Communities rising
Published 1:30 am Tuesday, May 19, 2026
Seeking a response to our national crisis, I find myself increasingly drawn into my local community. It seems to me that restoring our national ethics and saving our failing democracy requires us to disentangle from our corporate-driven lifestyles and re-entangle ourselves within our local community.
To move forward, it may be useful to look back to what community was long ago, during a time of similar crisis. In the British colonies of America in the 1770s, almost all of the colonial inhabitants lived on rural farms, connected by rough trails to small villages or towns. A trip to the nearest city involved a day or more of travel and was often only possible when the rutted wagon trails were dry. A bit like living on Vashon today, if we didn’t have motorized vehicles or paved roads, and the nearest city was Olympia.
Almost all food was locally grown and bartered for at the open-air market. All labor and most essential services were local. Social bonds were maintained and information exchanged at church, in the market and at frequent, well-attended town meetings. News from outside was discussed, debated and digested within the community, allowing a general consensus to emerge. Without the collective resolve of their community, few colonists would have decided to boycott British imports or join the war for independence.
Since the invention of the automobile, we have lost much of our community engagement — and with it, much of our civic power. We commute to work elsewhere, to shop elsewhere, even to worship elsewhere. We are no longer organized within our communities, but rather by the large corporations that employ us, sell to us and tell us what to think. Face-to-face friendships have withered from lack of attention, while infotainment actors and internet “influencers” we will never meet have become more important to us than our next-door neighbors.
A ruling class of corporate billionaires now takes almost all the value we create. Worker productivity — value creation — has doubled since 1970, while worker compensation has increased only about 40%. The “company town” has become the “company nation.” Corporations have been designated as “persons,” allowing their billionaire owners to use money extracted from us to corrupt and control our government. Political parties present us with false choices among candidates who, for the most part, have served the corporations and ultra-wealthy rather than those who elected them.
Restoration can begin here, at home. When we know and care about our neighbors, we will stand together in response to threats against any of us. We will unify our individual voices into a chorus of: No, you won’t. Not here. We will educate each other, debate the issues and find those issues that unite us. We will speak as a community to our representatives and to the media. We will strengthen connections with other nearby communities, making our collective voice even louder.
Buying from our local merchants, makers and farmers will keep more of our created value within our community. Even when the price is slightly higher than buying from the superstores or Amazon, the value to us is much greater because we are paying the people in our own community, who in turn will support other workers and other businesses in the community.
Using cash instead of credit for local purchases will retain an additional 3% of our money on Vashon instead of putting it into the pockets of the ultra-rich.
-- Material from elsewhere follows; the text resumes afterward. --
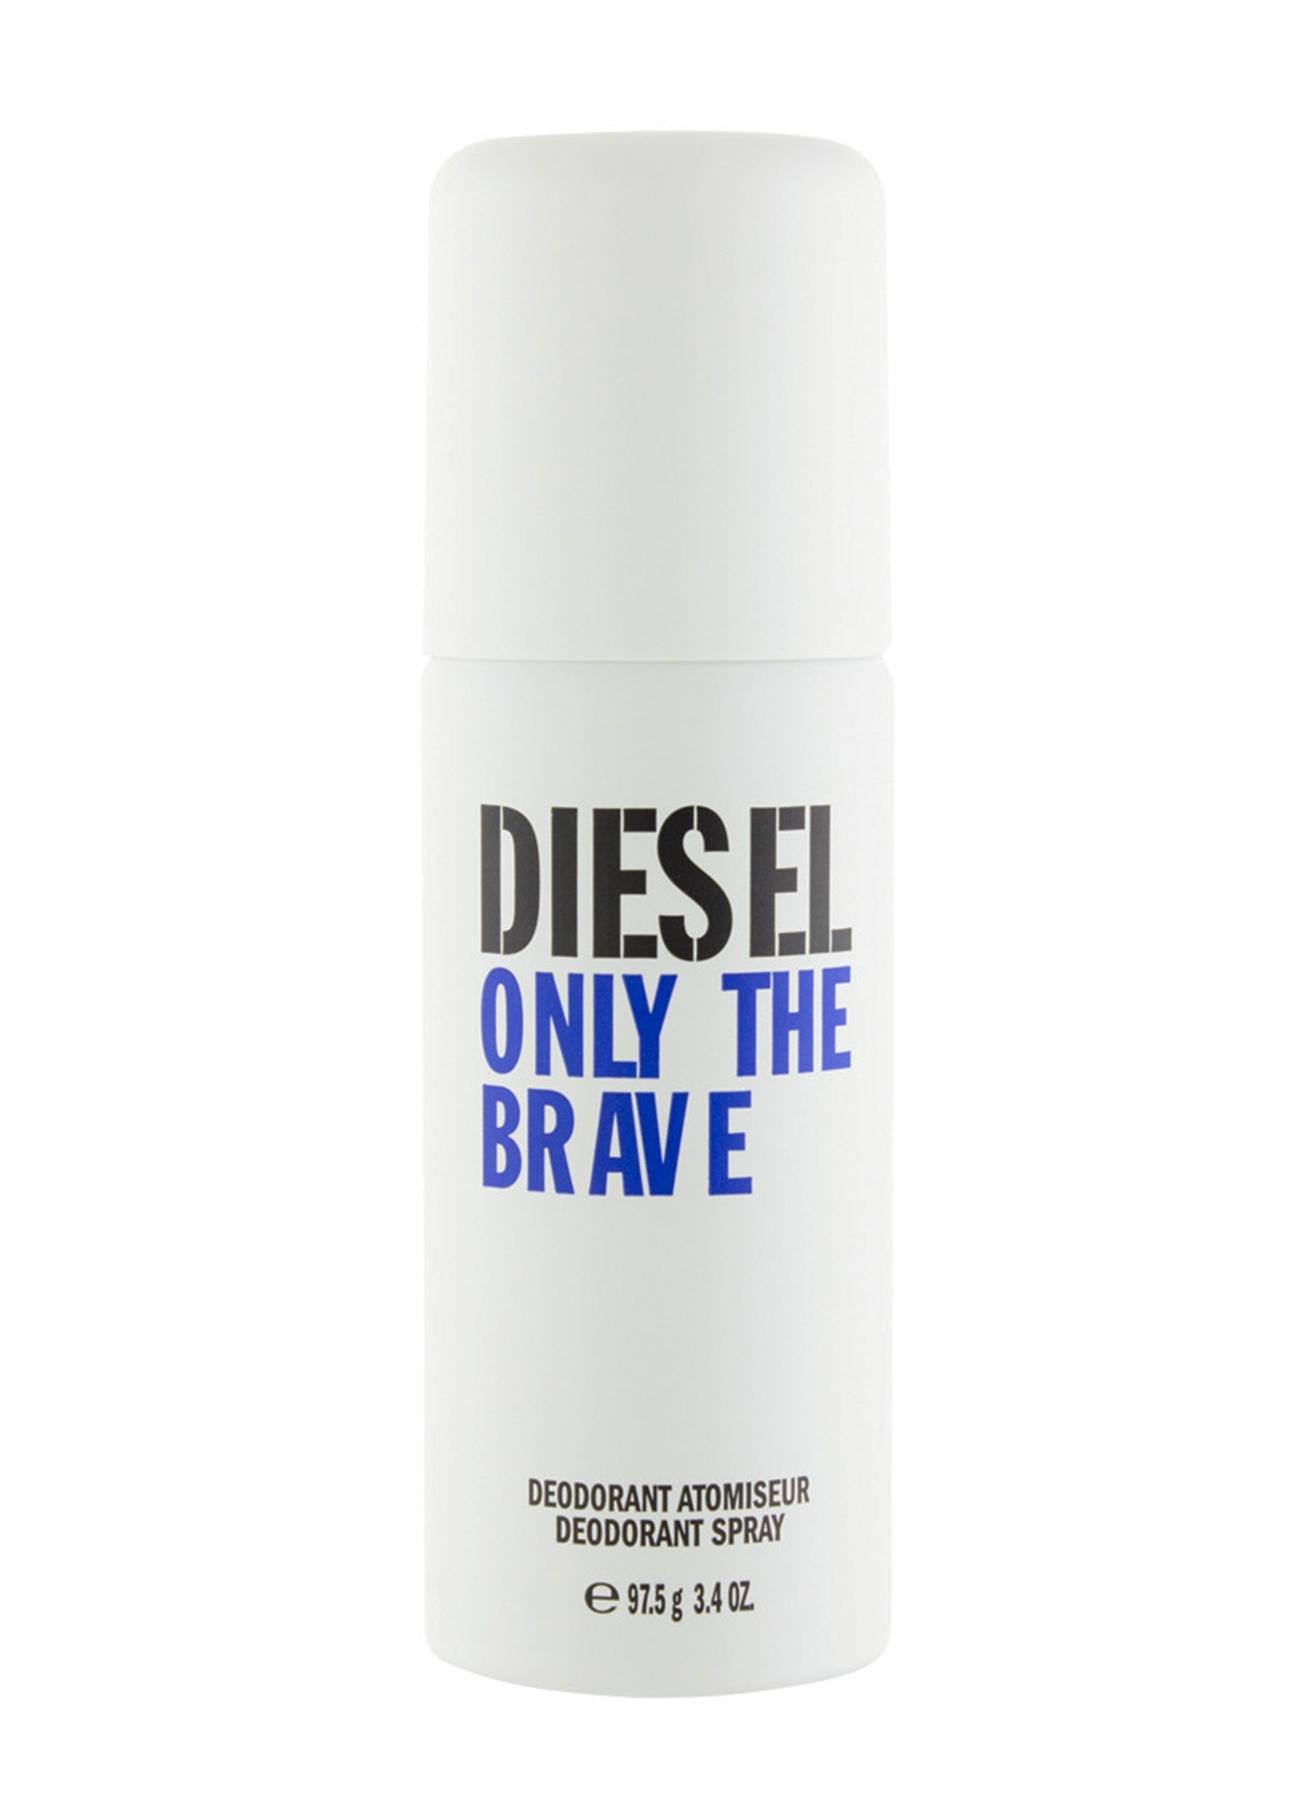 Diesel Only The Brave Deodorant Spray 150ml

We must encourage ourselves and our children to choose local work that is focused on real human needs — work that will not be easily replaced by robots and AI. We need more teachers, healers, builders, retailers, farmers, electricians, plumbers, civil rights attorneys, appliance repair experts, solar panel installers and service staff in welcoming “third spaces.” Joining with other communities near us, we can concentrate our work and commerce within small businesses rather than large corporations.
To make this work, individual citizens, local interest groups and local businesses all must come together under this banner of community. Whatever the short-term sacrifices, our rewards will be much greater — financially, politically and spiritually — through the restoration of a more human way of life, within a vibrant community.
We are communities rising. Together with thousands of communities across this nation, we will elect and hold accountable true representatives of the people.
Bryan Long is a former business executive and former high school teacher who now tends a hobby farm on Maury Island, donating his excess produce to the Vashon Food Bank.
Since early 2025, Long has become active in Indivisible Vashon, helping to build the Protest Group, the Vashon Bucket Drum Brigade and the fledgling Theater for Social Change. You may sometimes see him around town dressed in 1770s colonial fashion, expressing his alter ego, Thomas Paine.